A field is half of an interlaced video frame — either the odd-numbered horizontal lines (1, 3, 5...) or the even-numbered ones (2, 4, 6...), captured a sixtieth of a second apart from the other half. Two fields combine to make one frame. This was the foundation of analog and early digital television: a 60i broadcast actually delivered 60 fields per second, which the old CRT TV interlaced together to produce ~30 frames per second of complete pictures.
The trick worked beautifully on CRT displays, because the phosphor coating naturally held the previous field's glow while the next one was being drawn. The human eye stitched the two together and saw fluid motion at a higher apparent frame rate than the bandwidth actually allowed. The whole reason interlacing was invented in the 1940s was to halve the radio bandwidth needed for television, and fields are the mechanism by which that worked.

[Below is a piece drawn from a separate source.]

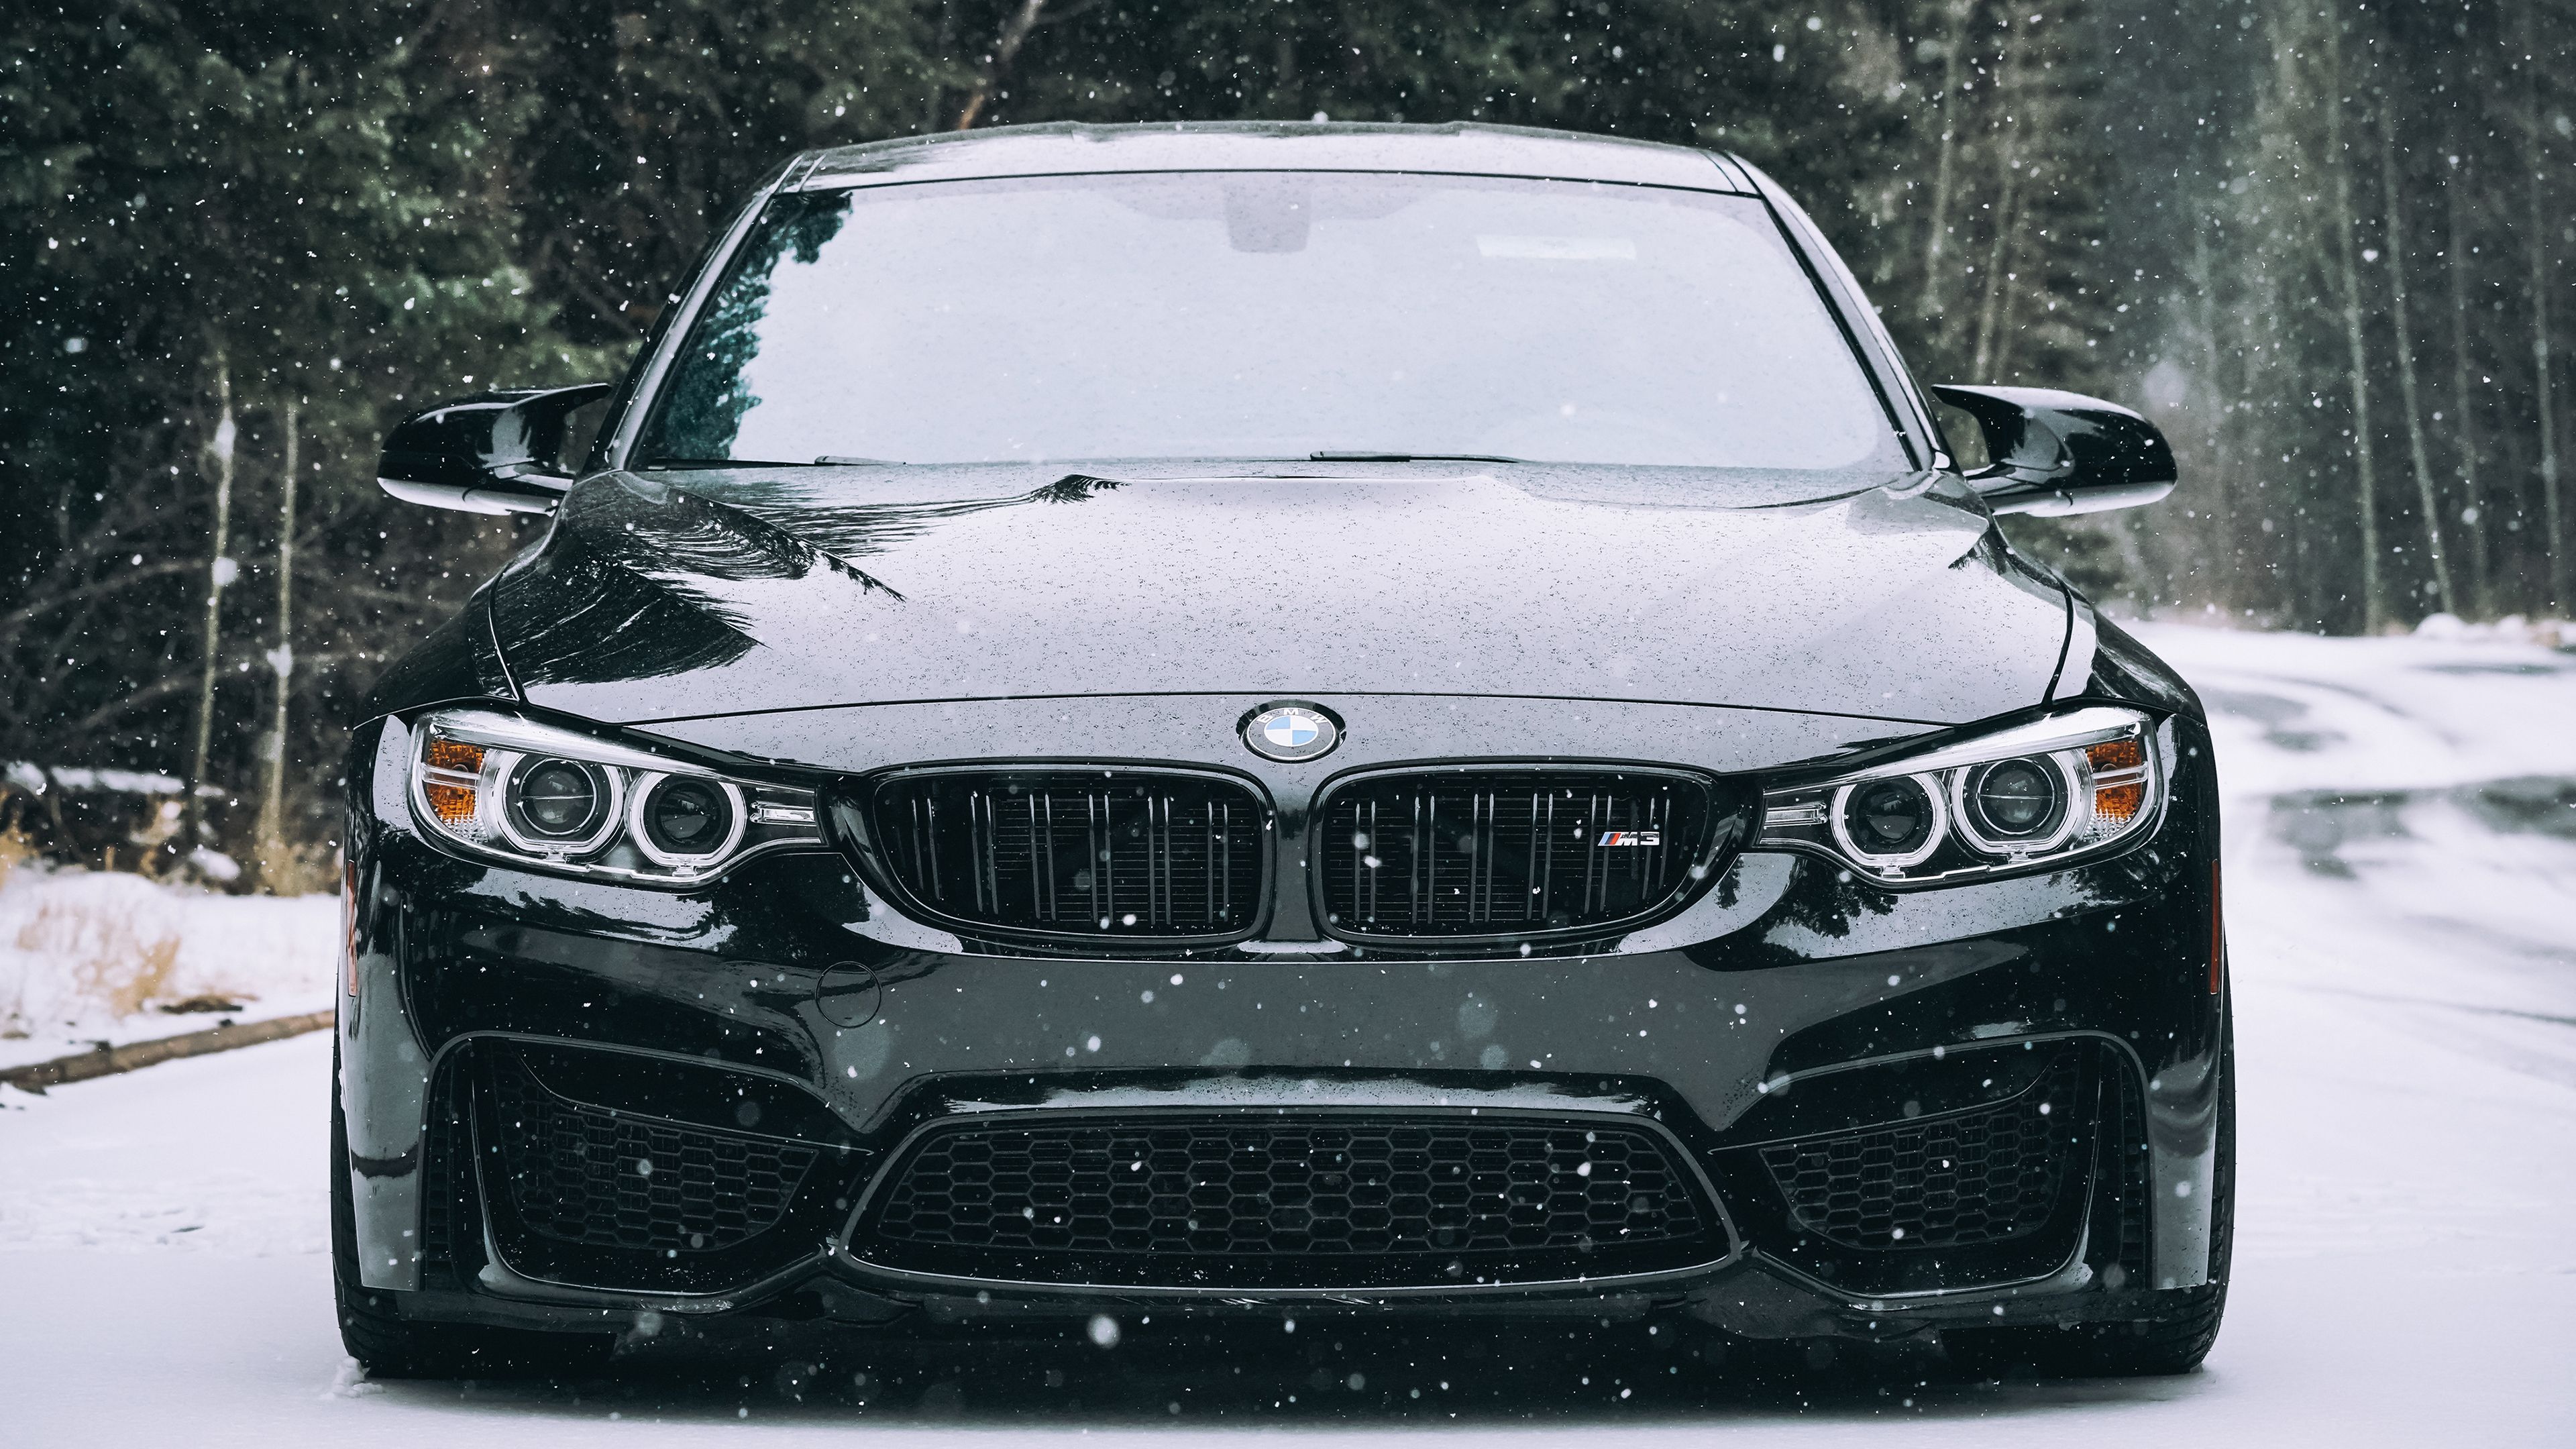  BMW HD Hintergrundbild 3840x2160. Kostenlose Hintergrundbilder Graustufenfoto Von Bmw Auto, Bilder Für Ihren Desktop Und Fotos

On modern flat-panel screens, fields are a legacy headache. Because each field is from a slightly different moment in time, anything that moved between them produces visible horizontal "teeth" — the famous combing artefact — when shown together on a progressive display. Modern playback uses deinterlacing to reconstruct proper full frames from the field pairs, ideally with motion-compensation to avoid blurriness. For a product team in 2026, fields exist only in ingest pipelines for old broadcast material; everything produced and delivered today is progressive, frame-based, and never thinks about fields at all.